#### [WHAT IS NEEDED]
The tail of the records, from the line containing "今度の日曜日はバレンタインデー️" through the final line, should be printed exactly and on its own.

Stored data:

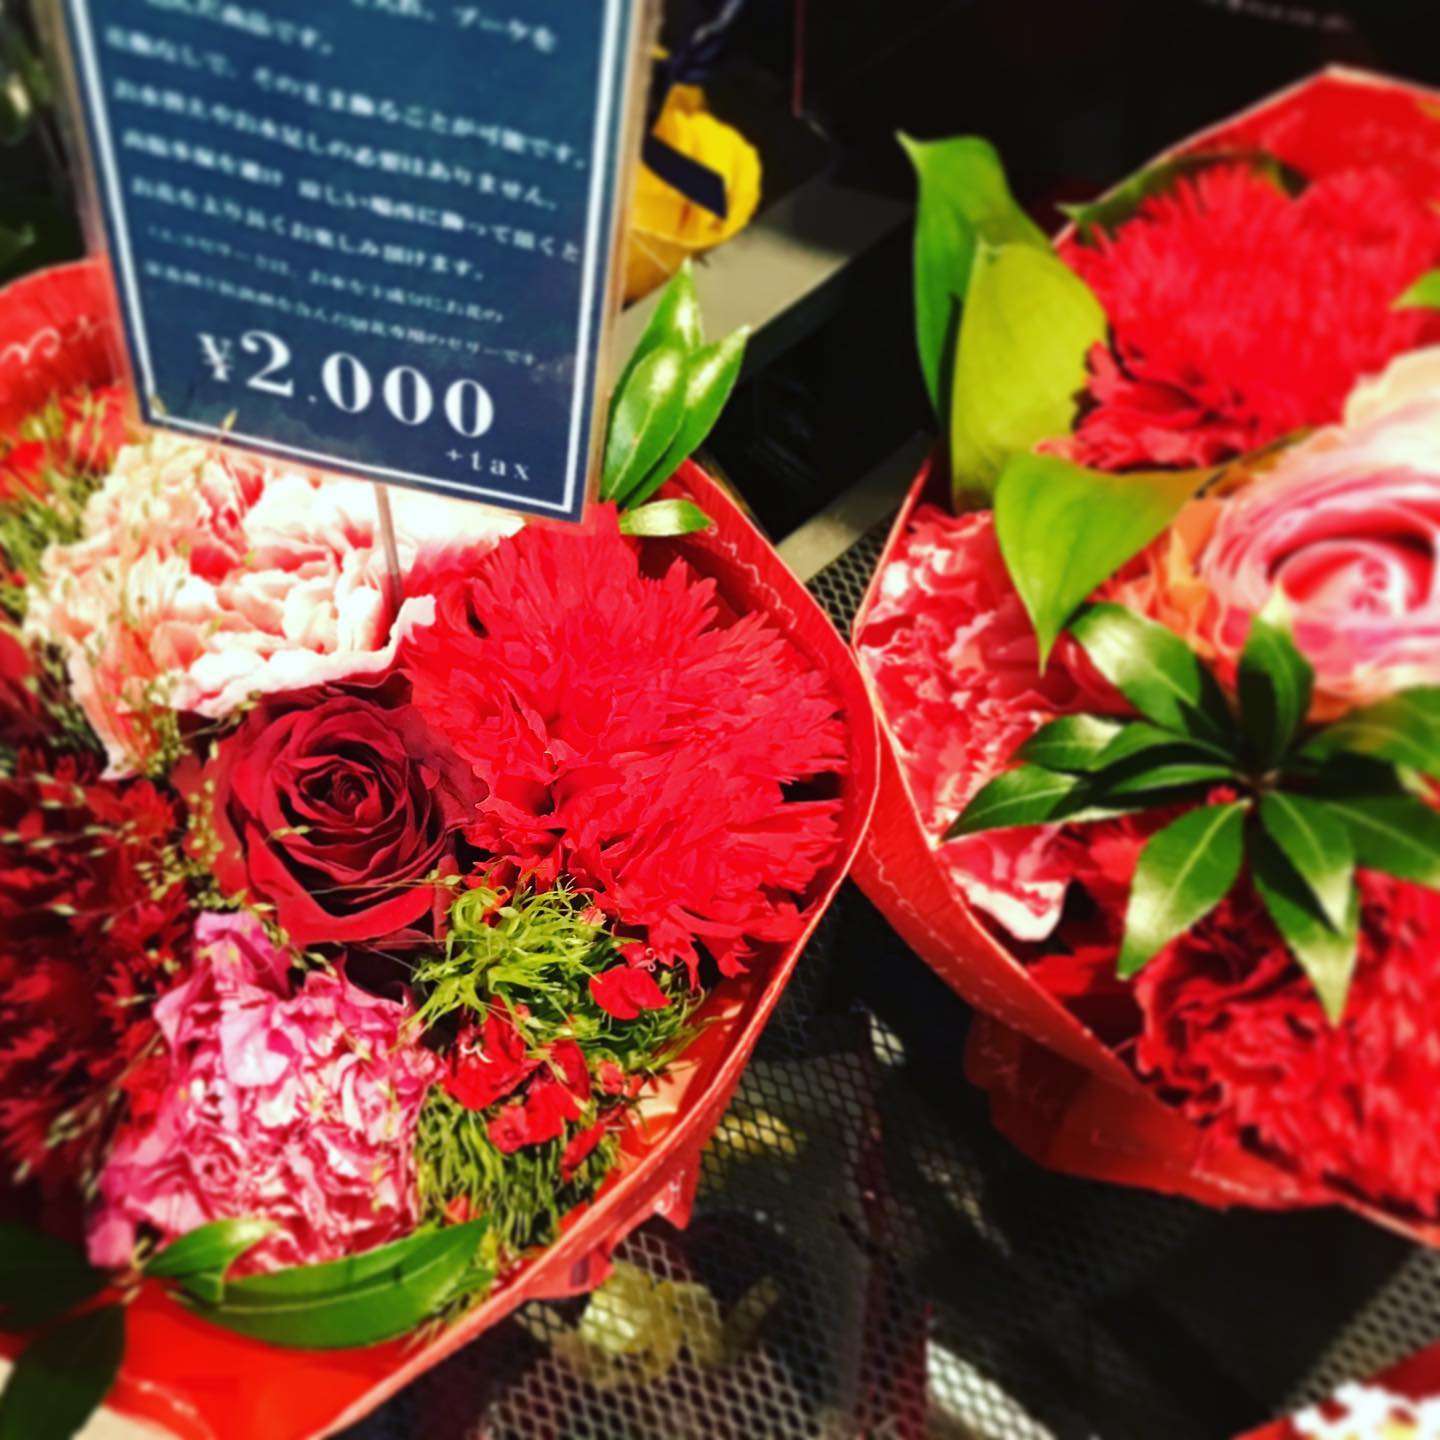 モンソーフルールアトレ川崎店です。

今度の日曜日はバレンタインデー️

赤いお花のブーケはいかがでしょうか？

海外では、バレンタインデーには男性から女性にお花などをプレゼントして気持ちを伝えるのが主流だそうです。

チョコレートと一緒に赤いブーケのプレゼント。
おすすめです！！

モンソーフルールアトレ川崎店
★★★★★★★★★★★
〒210-0007
神奈川県川崎市川崎区駅前本町26-1
アトレ川崎1F
TEL &FAX044-200-6701
営業時間:10:00〜21:00
★★★★★★★★★★★
.

#### [YOUR SOLUTION]
今度の日曜日はバレンタインデー️

赤いお花のブーケはいかがでしょうか？

海外では、バレンタインデーには男性から女性にお花などをプレゼントして気持ちを伝えるのが主流だそうです。

チョコレートと一緒に赤いブーケのプレゼント。
おすすめです！！

モンソーフルールアトレ川崎店
★★★★★★★★★★★
〒210-0007
神奈川県川崎市川崎区駅前本町26-1
アトレ川崎1F
TEL &FAX044-200-6701
営業時間:10:00〜21:00
★★★★★★★★★★★
.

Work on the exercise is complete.